Your child’s pediatrician recommends therapy after a rough adjustment to the two-home schedule. You’re on board. Your co-parent isn’t. Now what?
This is one of the most common and least-discussed friction points in co-parenting. The custody agreement covers schedules and holidays in detail, but medical disagreements rarely get the same treatment.
What joint legal custody means for health care
Legal custody is separate from physical custody. Physical custody determines where the child lives and when. Legal custody determines who makes decisions about upbringing: medical care, education, and religion.
Most custody arrangements include joint legal custody, which means both parents have equal authority on major decisions. Neither parent can unilaterally authorize a surgery, enroll a child in long-term therapy, or change a medication regimen without the other’s knowledge.
This surprises a lot of primary caregivers. More day-to-day involvement doesn’t give you more medical authority. Both parents have the same legal standing, regardless of how parenting time is divided.
The line between routine and major decisions
Not every health choice requires a joint sign-off. The parent who has the child at the time can handle:
- Taking them to urgent care for a minor injury
- Filling a prescription that was already agreed upon
- Keeping a scheduled appointment for a routine checkup
- Making a call about over-the-counter treatment for a cold
Major decisions generally require consulting the other parent first. These include:
- Starting a new prescription medication (especially a psychiatric one)
- Choosing a surgeon or approving an elective procedure
- Enrolling in therapy or switching therapists
- Making significant changes to an existing treatment plan
- Vaccinations that weren’t part of a prior agreement
Where exactly the line sits depends on your parenting plan, your state’s laws, and sometimes the pediatrician’s own judgment about what counts as significant.
Emergencies are different
When a child needs emergency care and the other parent isn’t reachable, you can and should act. Courts universally recognize that emergency medical treatment is a single-parent call. You can consent to anything required to protect the child’s life or prevent serious harm.
After the emergency, notify your co-parent as soon as possible. Most agreements require it, and they need to know what happened.

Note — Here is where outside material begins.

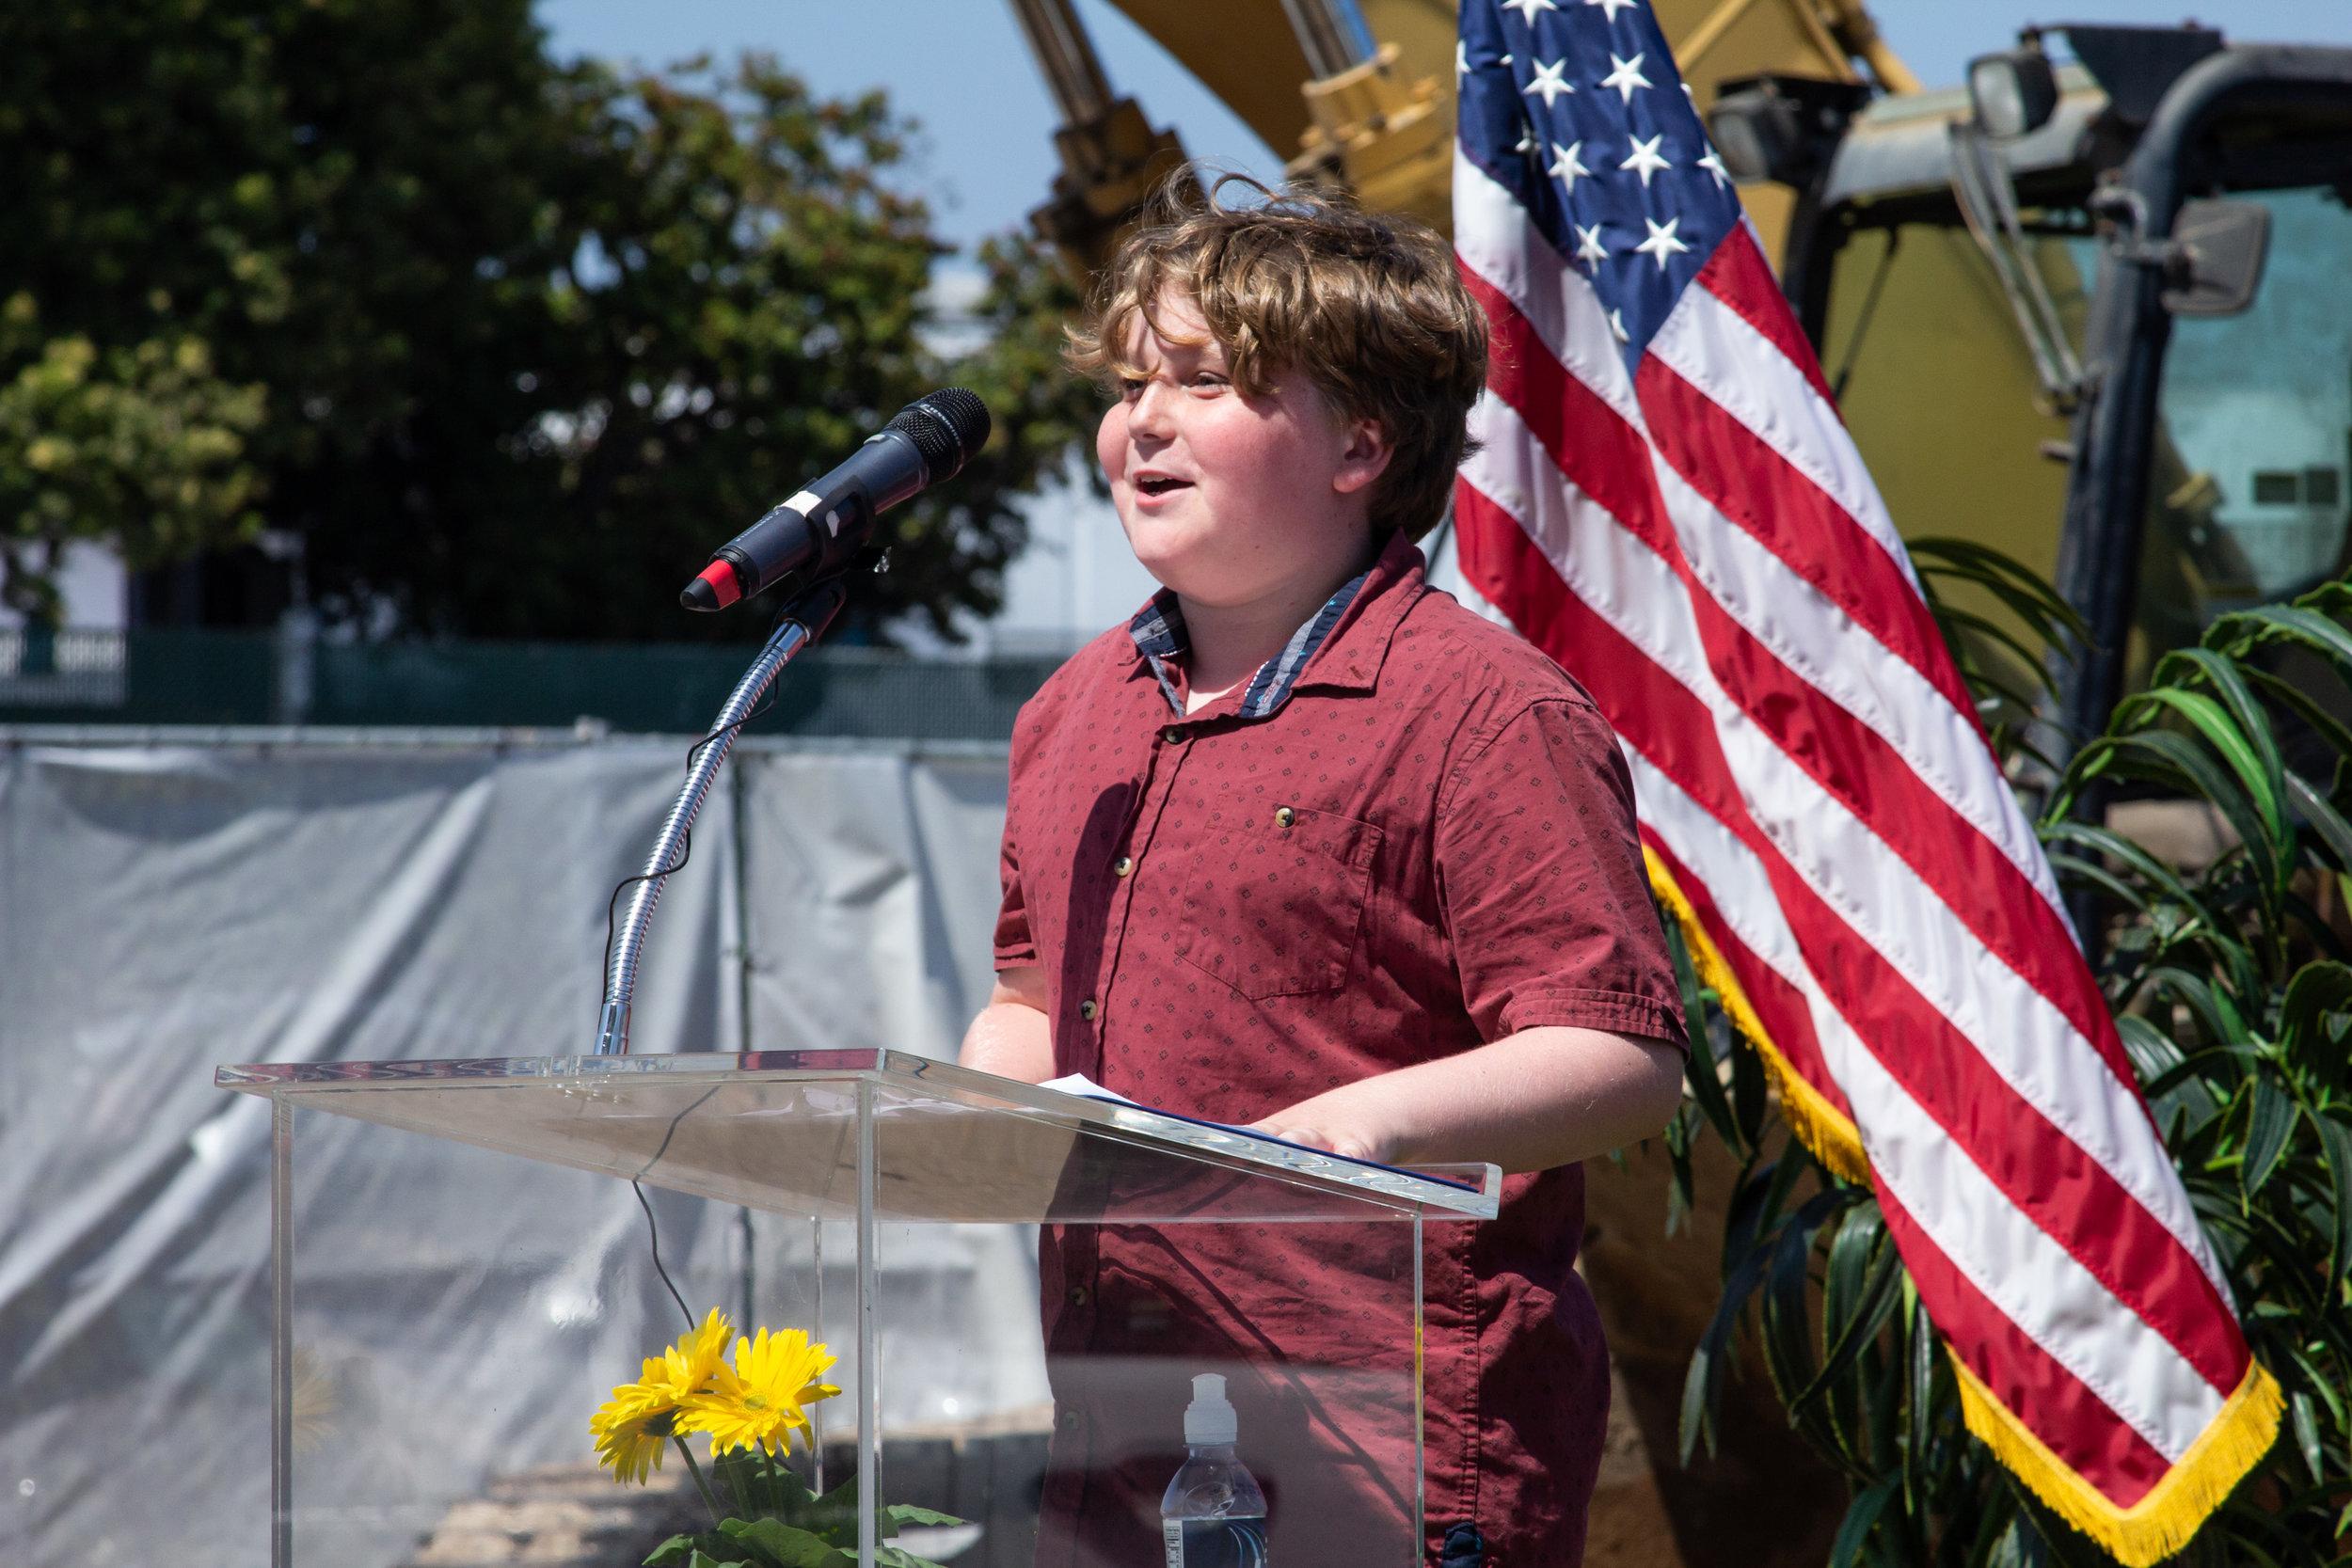 John Adams Middle School student Waldon Sullivan speaks at the groundbreaking ceremony for the John Adams Middle School Performing Arts Complex in Santa Monica, California, on Wednesday, August 28th. 2019. (Marco Pallotti/ The Corsair)

The decisions that cause the most fights
Medical disagreements between co-parents tend to cluster around a few issues:
Vaccines. Differing views on childhood vaccines are increasingly common. When co-parents disagree, courts typically defer to the mainstream medical consensus and the recommendation of the child’s pediatrician. A parent who can show the doctor supports vaccination is usually in a stronger position.
Therapy and mental health. One parent may see a therapist referral as necessary; the other may resist it as an overreaction or worry the therapist will take sides. Courts generally allow therapy when a qualified professional has recommended it.
ADHD and psychiatric medications. One parent may believe medication is essential; the other may oppose it on principle. A second opinion from an independent specialist can sometimes break the deadlock and demonstrates to the court that you tried to resolve it in good faith.
When one parent wants to pursue treatments outside mainstream medicine, the other can raise legitimate safety objections. Courts look closely at evidence of both benefit and risk, and they rarely approve anything a child’s doctor explicitly opposes.
When you can’t reach agreement
Try to resolve it directly first. Put your request in writing, reference the doctor’s specific recommendation, and give your co-parent time to respond. Keep a record of the exchange.
If direct communication isn’t working, most parenting plans require mediation before either parent goes to court. A mediator can’t make a binding decision, but can help both of you work through the actual objections rather than the surface argument.
If mediation fails, you can file with family court for a judicial determination. A judge applies the “best interests of the child” standard, which almost always means following the consensus recommendation of qualified medical professionals. The parent who documented efforts to consult and communicate is generally in a stronger position than one who didn’t.
Some courts appoint a parenting coordinator, a neutral third party with authority to make binding calls on specific disputes when parents are stuck. It’s a step below full litigation and often resolves things faster.
Keep records before it becomes a crisis
Don’t wait for a stalemate to start documenting. Get in the habit of:
- Sending appointment summaries in writing after each visit
- Sharing doctor’s notes or treatment recommendations with your co-parent directly
- Logging requests and responses, even when the answer is silence
- Asking the pediatrician to communicate with both parents
When medical decisions end up in front of a mediator or judge, what the record shows matters as much as what actually happened. A parent who can demonstrate they consistently kept the other informed and made good-faith efforts to reach agreement has much better standing than one who handled things on their own and explained it later.
Most medical disagreements between co-parents don’t have a villain. They have two people with different information, different fears, and the same kid in the middle. Treating it as a problem to document and escalate through proper channels, rather than a fight to win, usually leads to better outcomes for everyone.